You are viewing a plain text version of this content. The canonical link for it is here.
Posted to user@flink.apache.org by Kostya Kulagin <kk...@gmail.com> on 2016/04/20 23:52:52 UTC

Values are missing, probably due parallelism?

I think it has smth to do with parallelism and I probably do not have clear
understanding how parallelism works in flink but in this example:

    StreamExecutionEnvironment env =
StreamExecutionEnvironment.getExecutionEnvironment();
    DataStreamSource<Long> source = env.addSource(new SourceFunction<Long>() {

      @Override
      public void run(SourceContext<Long> ctx) throws Exception {
        LongStream.range(0, 29).forEach(ctx::collect);
      }

      @Override
      public void cancel() {

      }
    });

    source.countWindowAll(10).apply(new AllWindowFunction<Long, Long,
GlobalWindow>() {
      @Override
      public void apply(GlobalWindow window, Iterable<Long> values,
Collector<Long> out) throws Exception {
        for (Long value : values) {
          if (value % 3 == 0) {
            out.collect(value);
          }
        }
      }
    }).print();

    env.execute("yoyoyo");

Why my output is like this:

4> 9
1> 0
1> 12
3> 6
3> 18
2> 3
2> 15

? I.e. where id s value of 24 for example? I expect to see it. What am I
doing wrong?

Re: Values are missing, probably due parallelism?

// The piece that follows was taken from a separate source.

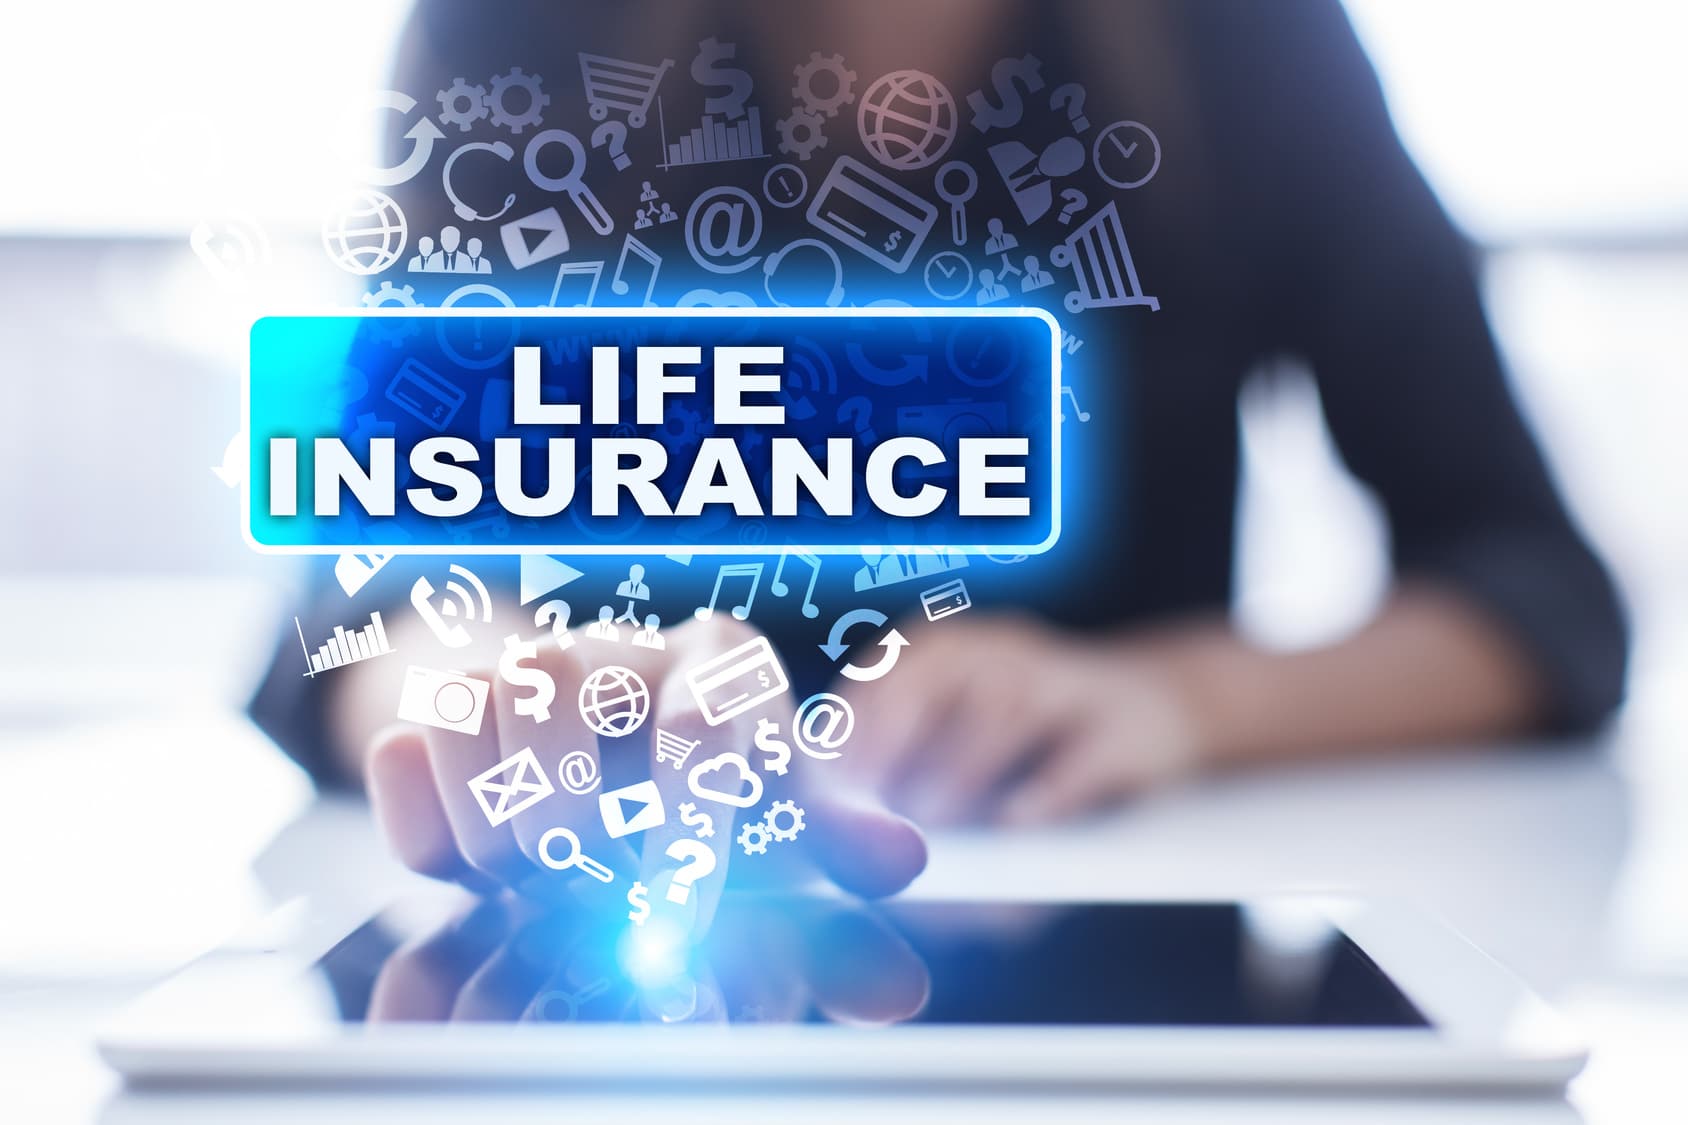 How to Shop for Life Insurance with Pre-Existing Conditions
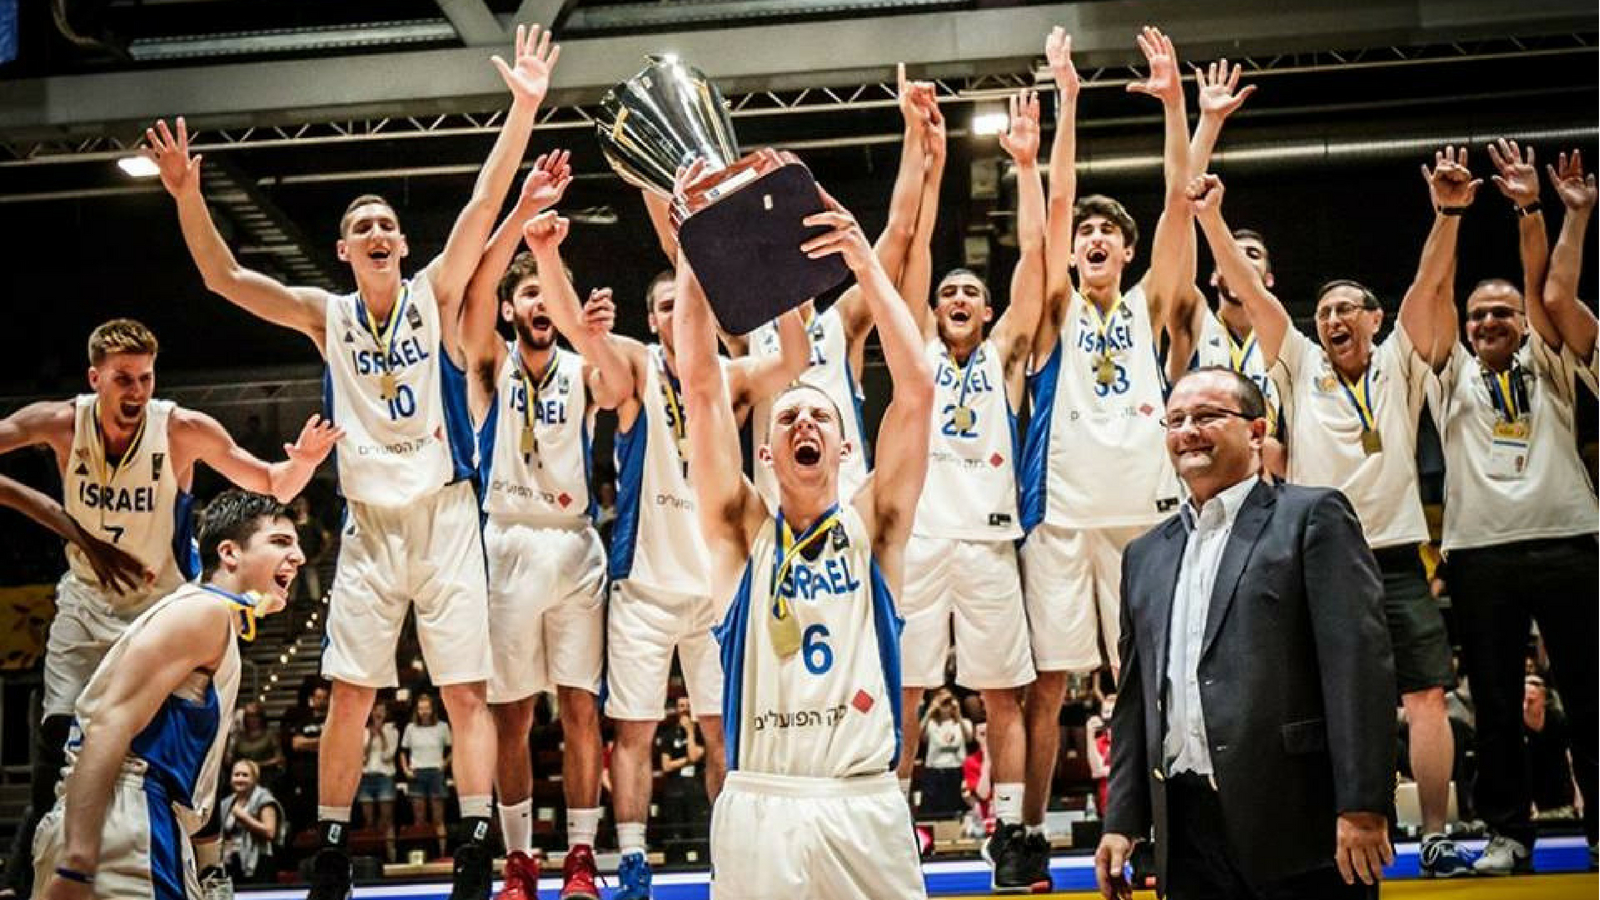 Members of the Israeli under-20 basketball team at the European finals, which they won 80-66 over Croatia. Photo via Facebook

Posted by Kostya Kulagin <kk...@gmail.com>.
Thanks, so you were right and it is really connected to not-finishing
windows problem I've mentioned in the other post.
I don't really need parallelism of 1 for windows - I expect operation on
windows be pretty expensive and I like an idea that I can "parallelize" it.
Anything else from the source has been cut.